Extracellular signal-regulated kinase inhibition prevents venous adaptive remodeling via regulation of Eph-B4

Objectives: Vein graft adaptation (VGA) is a process that vein as a vascular graft conduits in arterial reconstructive surgery; VGA can lead to postoperative vein graft stenosis (VGS) and complications after coronary artery bypass graft and other peripheral artery bypass surgeries. VGA is characterized by vein graft loss the venous features without exhibiting arterial features; furthermore, the activation of ERK inhibited the maintenance of venous properties of the vein graft. We hypothesized that ERK inhibition can affect vein VGS through regulating the expression of EphB4.

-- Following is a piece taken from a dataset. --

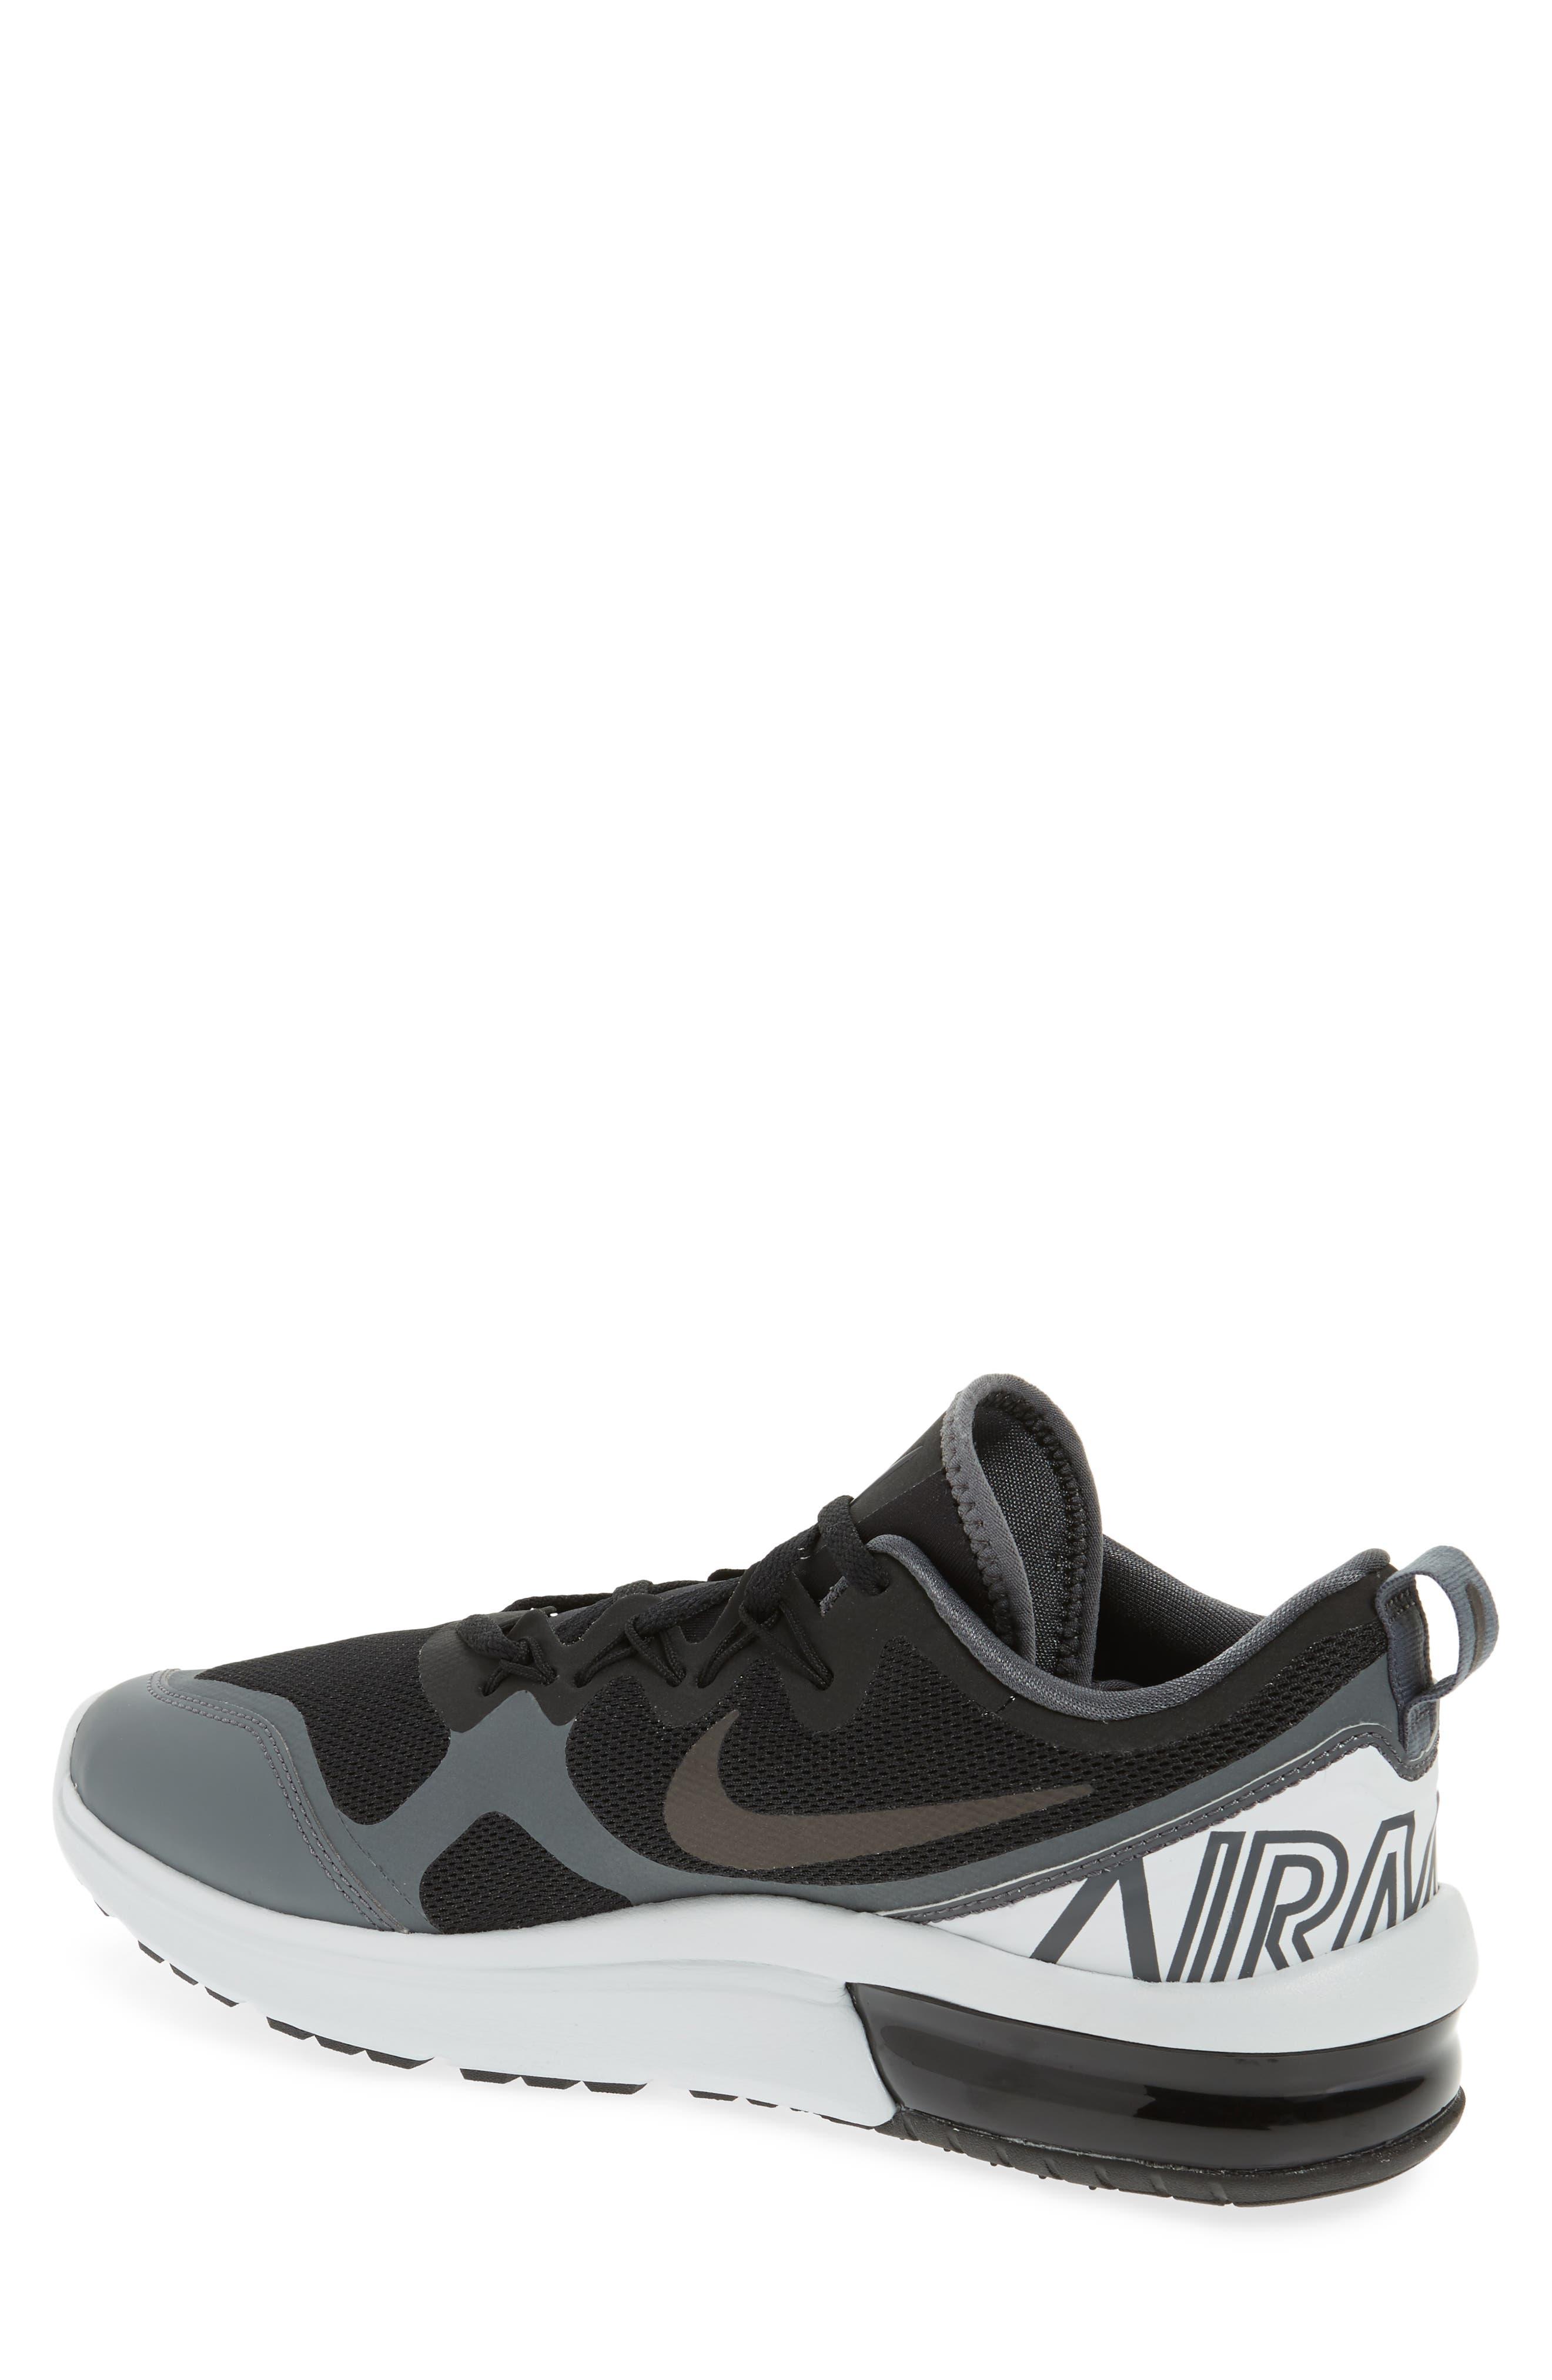 Air Max Fury Running Shoe,                             Alternate thumbnail 2, color,                             009

Methods: Rat vein transplantation model was established using wild-type and EphB4^+/- Sprague-Dawley rats. Hematoxylin-eosin, Masson, Verhoeff, actin staining, and immunohistochemistry were applied to observe the structure of the vein grafts. Vascular smooth muscle cells (VSMCs) were isolated from the vein and vein grafts. Western blotting was used to determine the expression of p-ERK1/2 and EphB4, and immunofluorescence was applied to detect the expression and location of EphB4. Cell wound scratch assay and CCK8 assay were used to determine the migration and proliferation of VSMCs. Real-time polymerase chain reaction was used to determine the mRNA expression of EphB4.

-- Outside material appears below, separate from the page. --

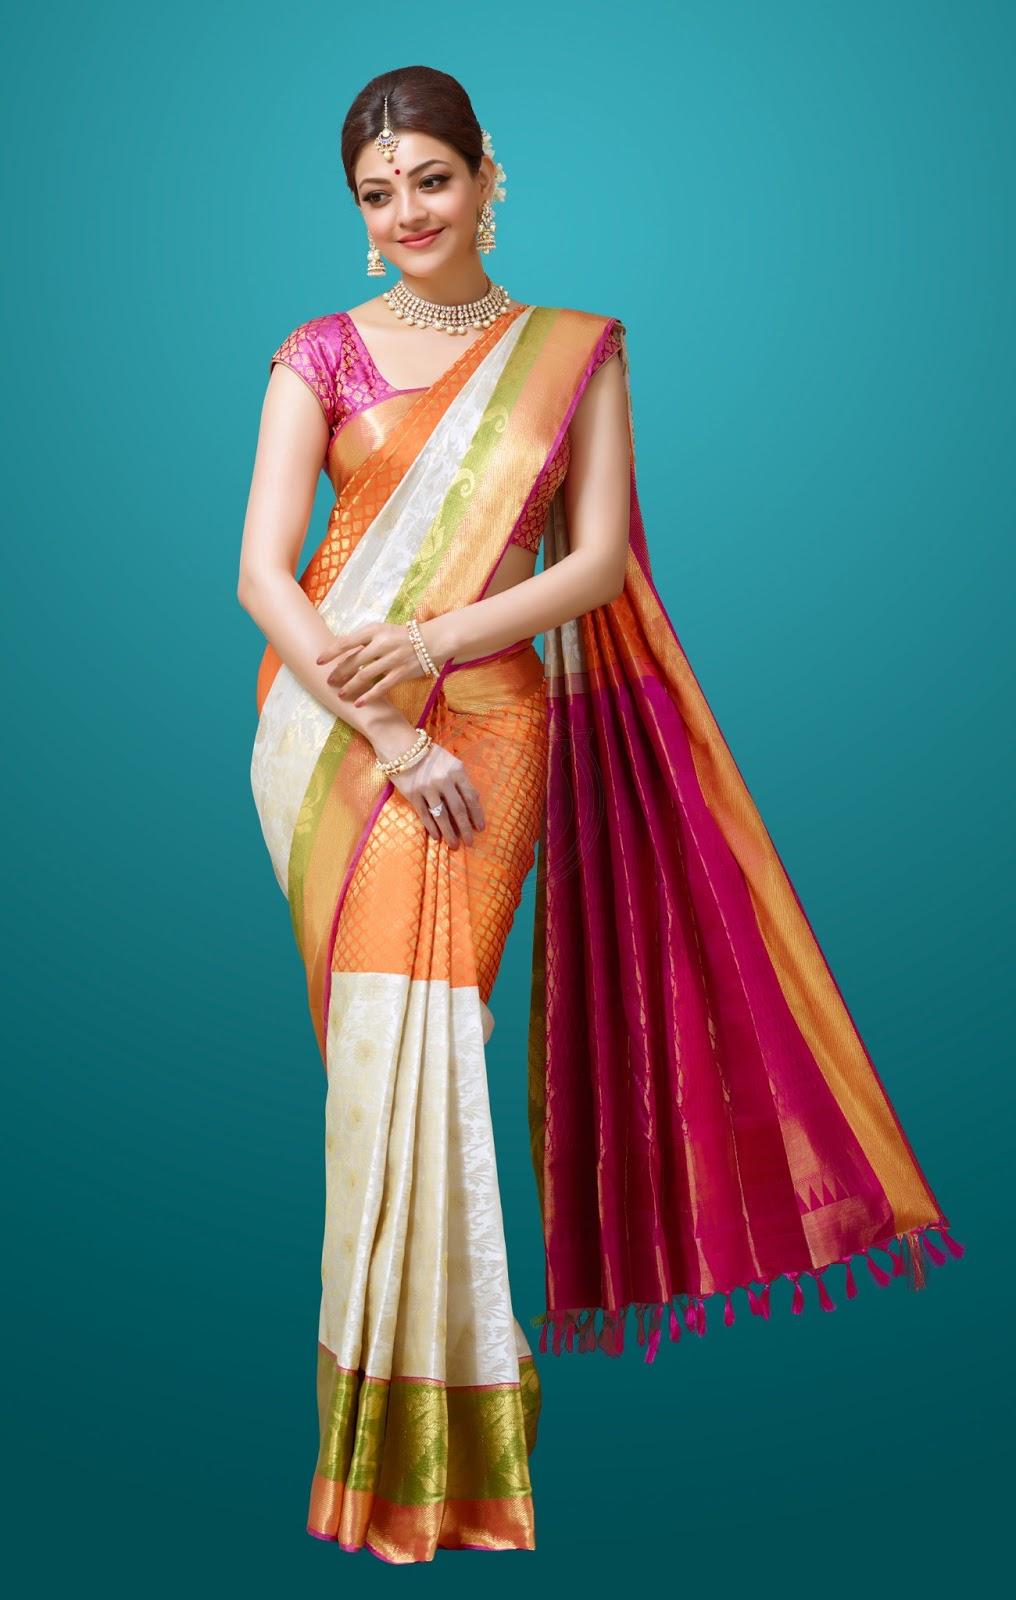 Kajal in Chennai Silks Ad

Results: Western blotting in vein sample and vein graft sample detected p-ERK1/2 and ERK1/2 expression in both EphB4^+/+ and EphB4^+/- rats. The expression of p-ERK was increased in vein graft compared to vein. Immunofluorescence in VSMCs form EphB4^+/+ and EphB4^+/- rats detected EphB4 expression in both cells, and the expression of EphB4 was increased in VSMCs form EphB4^+/+ rats. SCH772984 reduces the proliferation and migration of VSMCs. Inhibition of ERK suppressed the increase of vein graft wall thickness, and the expression of collagen fibers, elastic fibers, and α-actin was decreased. Vein graft from EphB4^+/- rats reduces the expression of EphB4, and SCH772984 suppressed the decrease of EphB4 in vivo. Vein graft from EphB4^+/- rats increased the expression of EphB4, and SCH772984 suppressed the increase of EphB4 in vivo.

Conclusions: The inhibition of ERK1/2 suppressed the process of VGS by decreasing the proliferation of VSMCs. The ERK-inhibitor SCH772984 suppressed the level of VGS by extending the time of EphB4 expression during the process of VGA, thus maintaining the venousization of vein graft. The mechanism may be that the inhibitor SCH772984 suppresses the level of VGS by extending the time of EphB4 expression during the process of VGA. Therefore, our research provides a new target of VGS treatment by inhibiting the expression of ERK1/2 through the process of VGA.